Keywords: Aging, cerebral blood flow, hemodynamics, imaging, magnetic resonance imaging

Introduction

The brain is the most energy-demanding organ in the body with a high metabolic rate for oxygen and glucose utilization. The structural and functional integrity of the brain relies on a delicate balance of neurovascular coupling between the substrate delivery through brain perfusion and the energy demand imposed by sustained neural activity.1 A widely accepted dogma has been that approximately 15–20% of the cardiac output (CO) is distributed to the brain in healthy adults under resting conditions2; however, few studies have been conducted to determine whether the distribution of CO directed to the brain alters across the adult lifespan and is influenced by systemic and/or cerebral hemodynamic factors such as physical fitness level, cardiac function, and arterial stiffness.

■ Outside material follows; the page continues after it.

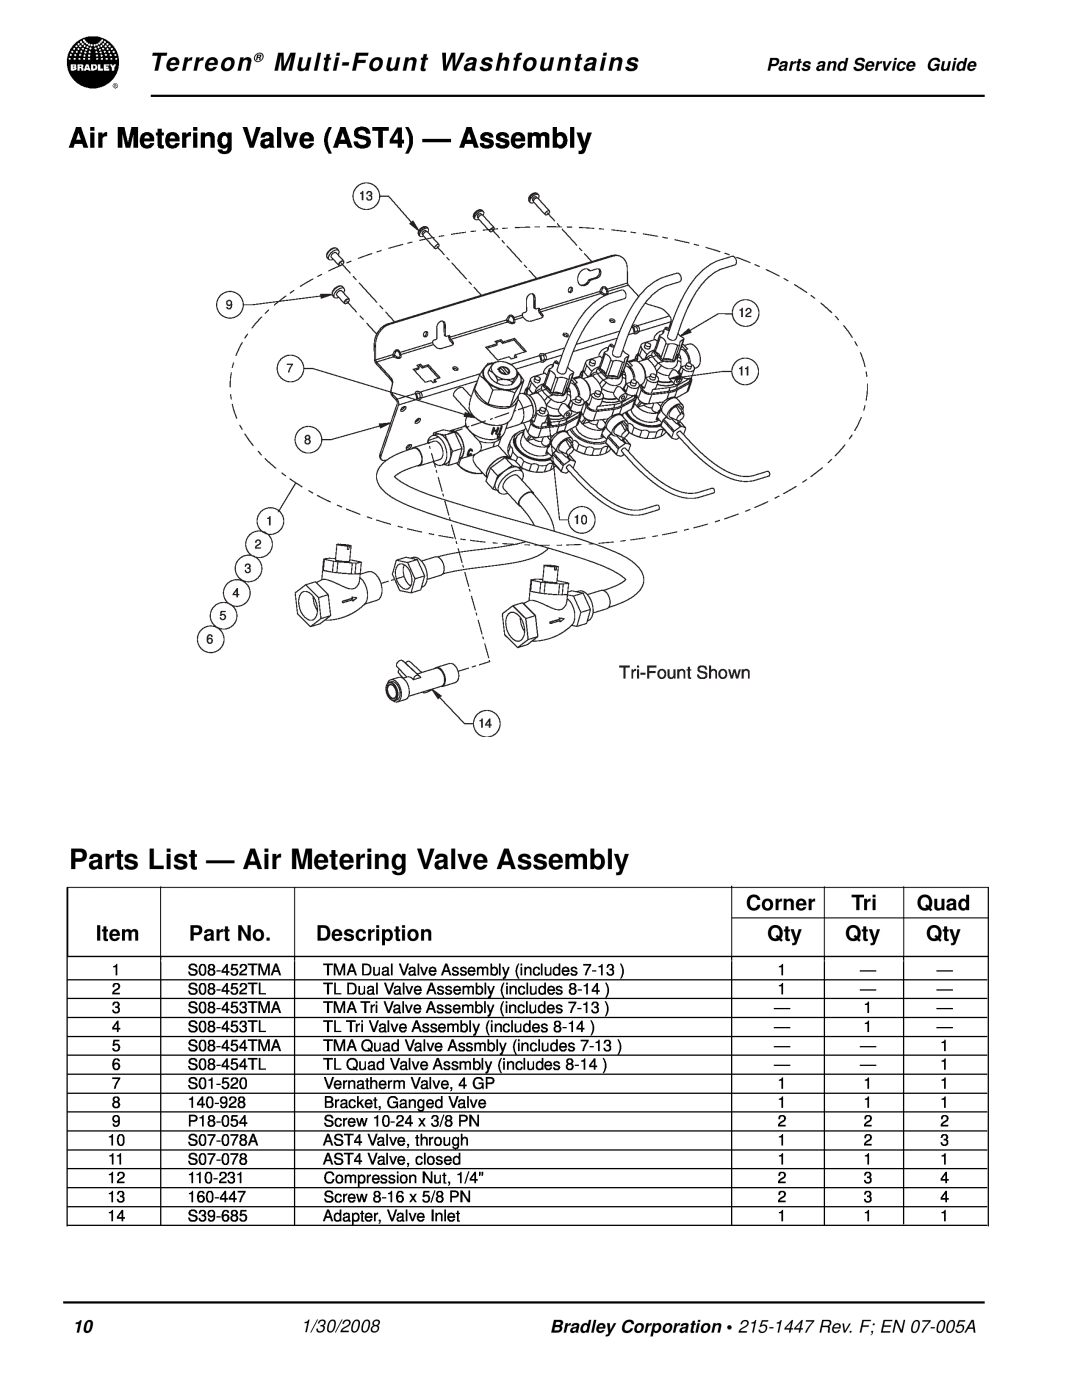 Bradley Smoker Indoor Furnishings Air Metering Valve AST4 - Assembly, Parts List - Air Metering Valve Assembly, Corner

Previous studies have documented that cerebral blood flow (CBF) decreases with aging, which has been attributed to a decrease in brain metabolic rate and/or increase in cerebrovascular resistance (CVR).35 However, whether CO changes with aging is unclear; and the presence or absence of cardiovascular disease or other confounding factors such as individual variability of physical activity or body mass index (BMI) may have contributed to the inconsistent observations of age-related changes in CO.69 In addition, most studies have been focused on the effects of aging on CO or CBF separately and did not measure them concurrently in the same subjects10,11; therefore, the influences of age or other potential covariates on the CO-CBF relationship remain unknown.

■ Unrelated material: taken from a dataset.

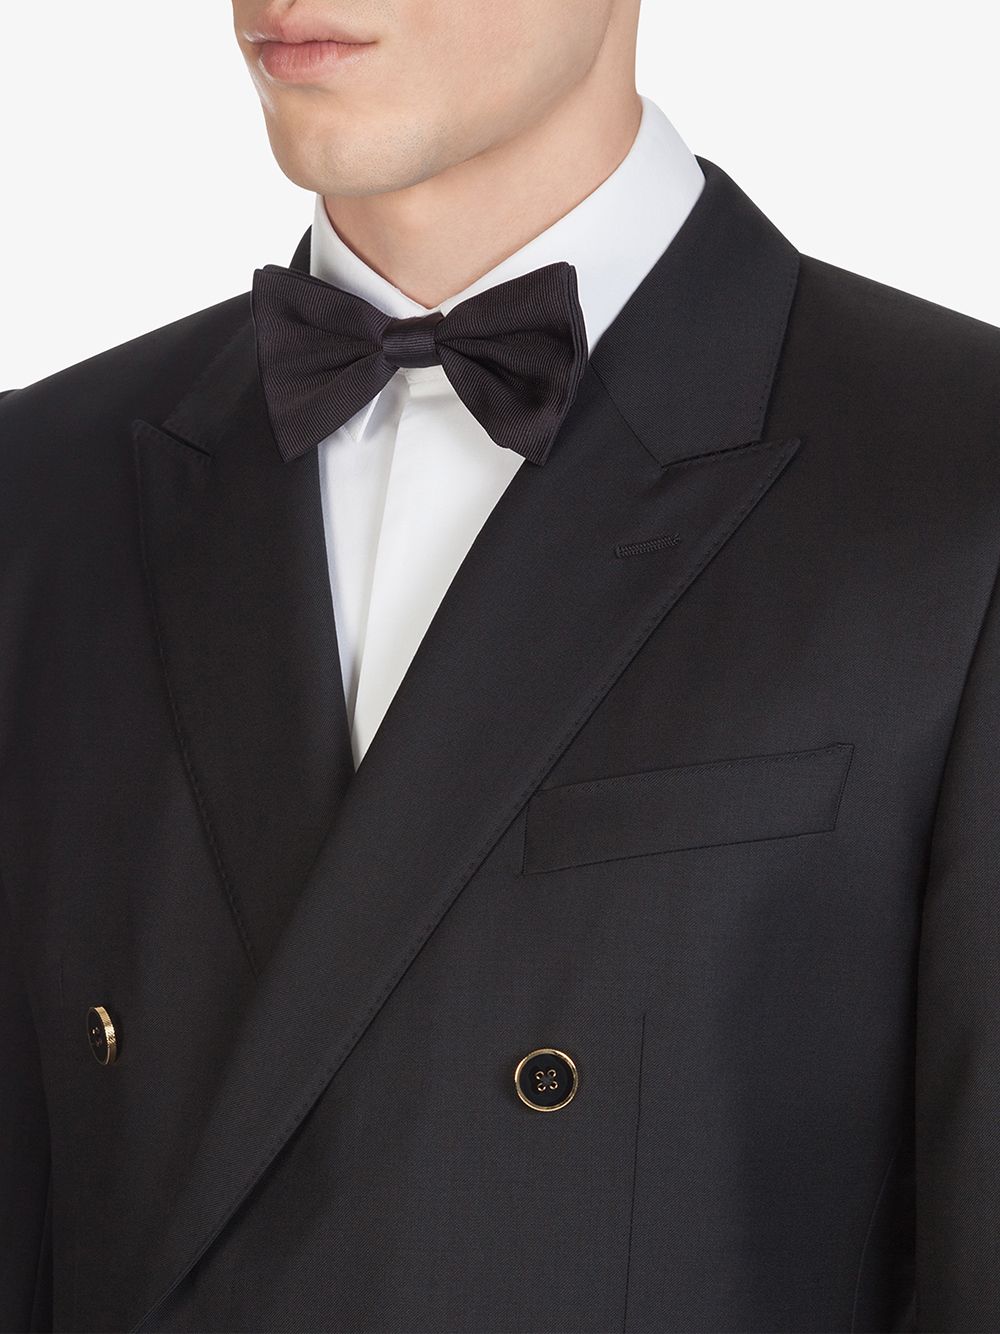 Dolce & Gabbana Martini Suit Jacket - Farfetch

Sex differences in both CO and CBF have been observed5,1214; recent studies also showed that obesity is negatively associated with brain perfusion and function.1517 Conversely, physical activity may attenuate age-related CBF decline as indicated by a positive association between maximal oxygen uptake (VO2 max) and CBF.1820 Finally, cardiac contractility, central arterial stiffness, and arterial blood pressure all may affect the CO-CBF relationship through either cardiovascular or neurovascular coupling.2123

The purpose of this study was to determine the impact of age and sex as well as systemic and cerebral hemodynamic variables on the distribution of CO directed to the brain as measured by the CBF/CO ratio index (CCRI) in healthy subjects across the adult lifespan.

Methods Participants

One hundred and thirty-nine healthy participants aged between 21 and 80 years (88 women; 85% Caucasian, 9% African American, 6% Asian) were recruited through study flyers and newspaper advertisements from the Dallas-Fort Worth metroplex. Exclusion criteria included pathophysiological conditions, which may have significant impact on the CO-CBF relationship: the presence of ischemic or structural heart disease (screened using 12-lead electrocardiogram and echocardiography), high blood pressure > 140/90 mmHg (measured using 24-h ambulatory blood pressure), carotid artery atherosclerotic plaque or stenosis (occlusion of the common and/or internal carotid artery by > 50% by ultrasound),24 diabetes (screened by the presence of symptoms, using antidiabetic drugs or fasting glucose > 126 mg/dL), BMI > 35 kg/m2, smoking, and the presence or history of cerebrovascular (e.g. stroke), neurologic, psychiatric, or inflammatory diseases, brain damage or trauma, hypothyroidism, active alcohol, or drug abuse. Pregnant or breast-feeding women and individuals who participated in regular exercise training were also excluded. This study was approved by the Institutional Review Board of the University of Texas Southwestern Medical Center and Texas Health Presbyterian Hospital Dallas and was performed in accordance with the guidelines of the Declaration of Helsinki and Belmont Report. A written informed consent was signed by all subjects for study participation.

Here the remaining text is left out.